Usai Ramai Disorot, dr Tamara Jasmine Sampaikan Permintaan Maaf dan Klarifikasi atas Komentar Soal Pasien BPJS

Kamis, 6 Agustus 2026 | 19:30 WIB
Permintaan maaf dokter Tamara Jasmine usai komentar mengenai pasien BPJS. (Threads/tamdjs)

JAKARTA, ViewJabar.com - Publik di media sosial kembali dibuat heboh dengan perkembangan terbaru kasus dokter Tamara Jasmine yang sebelumnya menuai sorotan usai memberikan komentar terkait pasien BPJS.

Setelah namanya ramai diperbincangkan dan menuai gelombang kritik dari warganet, Tamara akhirnya menyampaikan permintaan maaf secara terbuka melalui akun Threads miliknya.

Kasus ini bermula dari ramainya curhatan almarhum Yurizal Tri Chaerawan yang disebut harus menunggu ruang perawatan di rumah sakit selama lebih dari delapan jam.

Situasi semakin memanas setelah Yurizal dikabarkan meninggal dunia. Di tengah ramainya simpati publik, Tamara justru sempat mengunggah utas lain dan terlibat adu argumen dengan sejumlah warganet hingga memicu kontroversi yang lebih luas.

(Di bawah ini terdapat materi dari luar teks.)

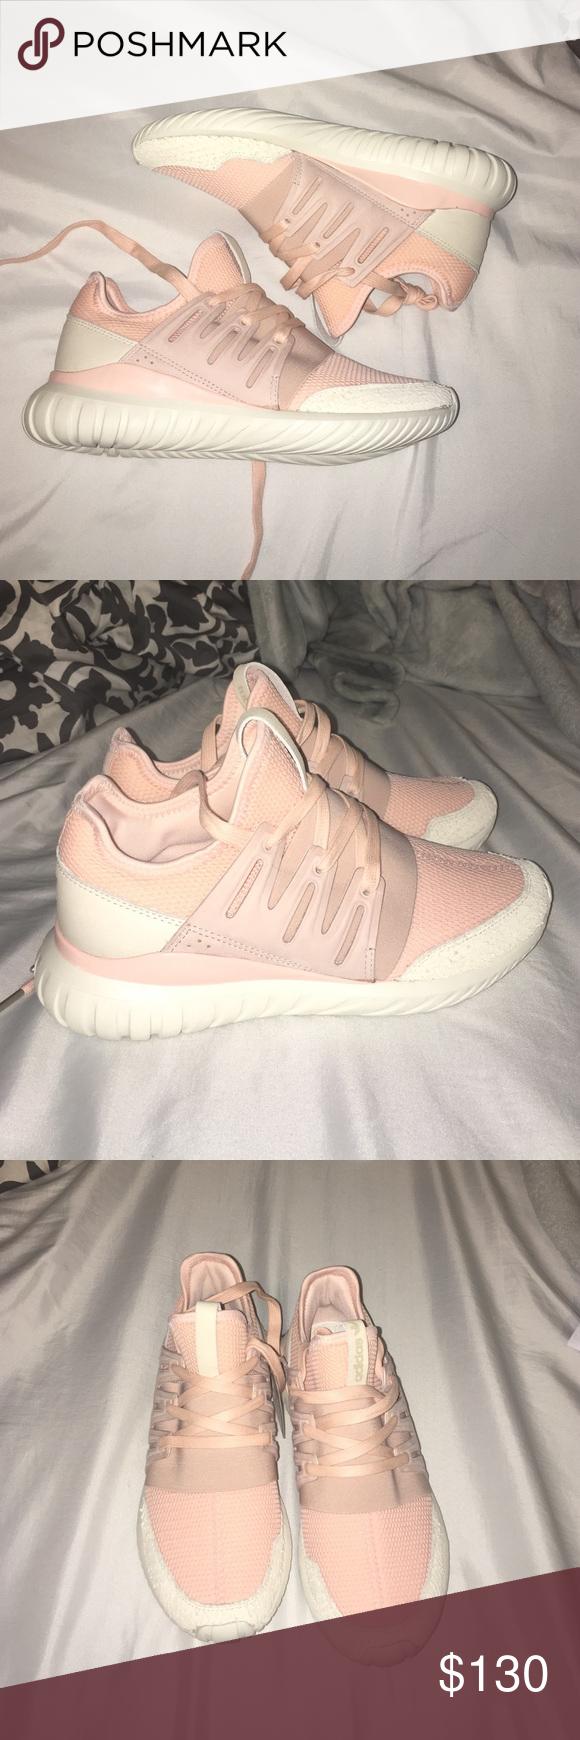 adidas arrossire rosa tubulare dimensione personalizzata bianco le dita dei piedi, rosa adidas

Baca Juga: Heboh Kasus Yurizal, RSUP Persahabatan Angkat Bicara: Dokter Tamara Jasmine Bukan Pegawai Kami

Melalui video yang diunggah di akun Threads @tamdjs pada Kamis, 6 Agustus 2026, Tamara menyampaikan permohonan maaf kepada berbagai pihak atas kegaduhan yang terjadi.

"Saya minta maaf terhadap Tuhan, saya mohon ampun atas dosa dan khilaf. Saya minta maaf terhadap warga Threads atas tulisan saya yang menyinggung," ujar Tamara dalam video tersebut.

Tak hanya kepada pengguna media sosial, ia juga meminta maaf kepada masyarakat Indonesia yang merasa tersinggung akibat unggahannya. Tamara mengakui bahwa tulisannya telah menimbulkan polemik dan menjadi perhatian publik.

Dalam klarifikasinya, Tamara menegaskan bahwa seluruh komentar yang ia tulis merupakan pendapat pribadi dan tidak mewakili institusi mana pun.

Karena itu, ia juga menyampaikan permohonan maaf kepada keluarga, rekan, hingga institusi yang ikut terdampak akibat polemik tersebut.

"Apa yang saya tulis adalah murni dari diri saya sendiri, maka dari itu saya memohon maaf kepada keluarga, kerabat, dan rekan-rekan saya. Serta, minta maaf kepada institusi yang menaungi saya, karena hal itu mereka jadi terdampak," jelasnya.

Tamara juga membantah bahwa dirinya secara langsung mengomentari unggahan milik almarhum Yurizal.

Ia mengeklaim komentarnya ditujukan pada utas lain yang membahas persoalan BPJS dan bukan kepada curhatan keluarga almarhum.

Menurutnya, unggahan tersebut kemudian dikaitkan oleh pihak lain dengan polemik yang lebih dulu ramai mengenai komentar sejumlah tenaga kesehatan terhadap kasus Yurizal.

Meski demikian, Tamara turut menyampaikan belasungkawa atas wafatnya Yurizal Tri Chaerawan.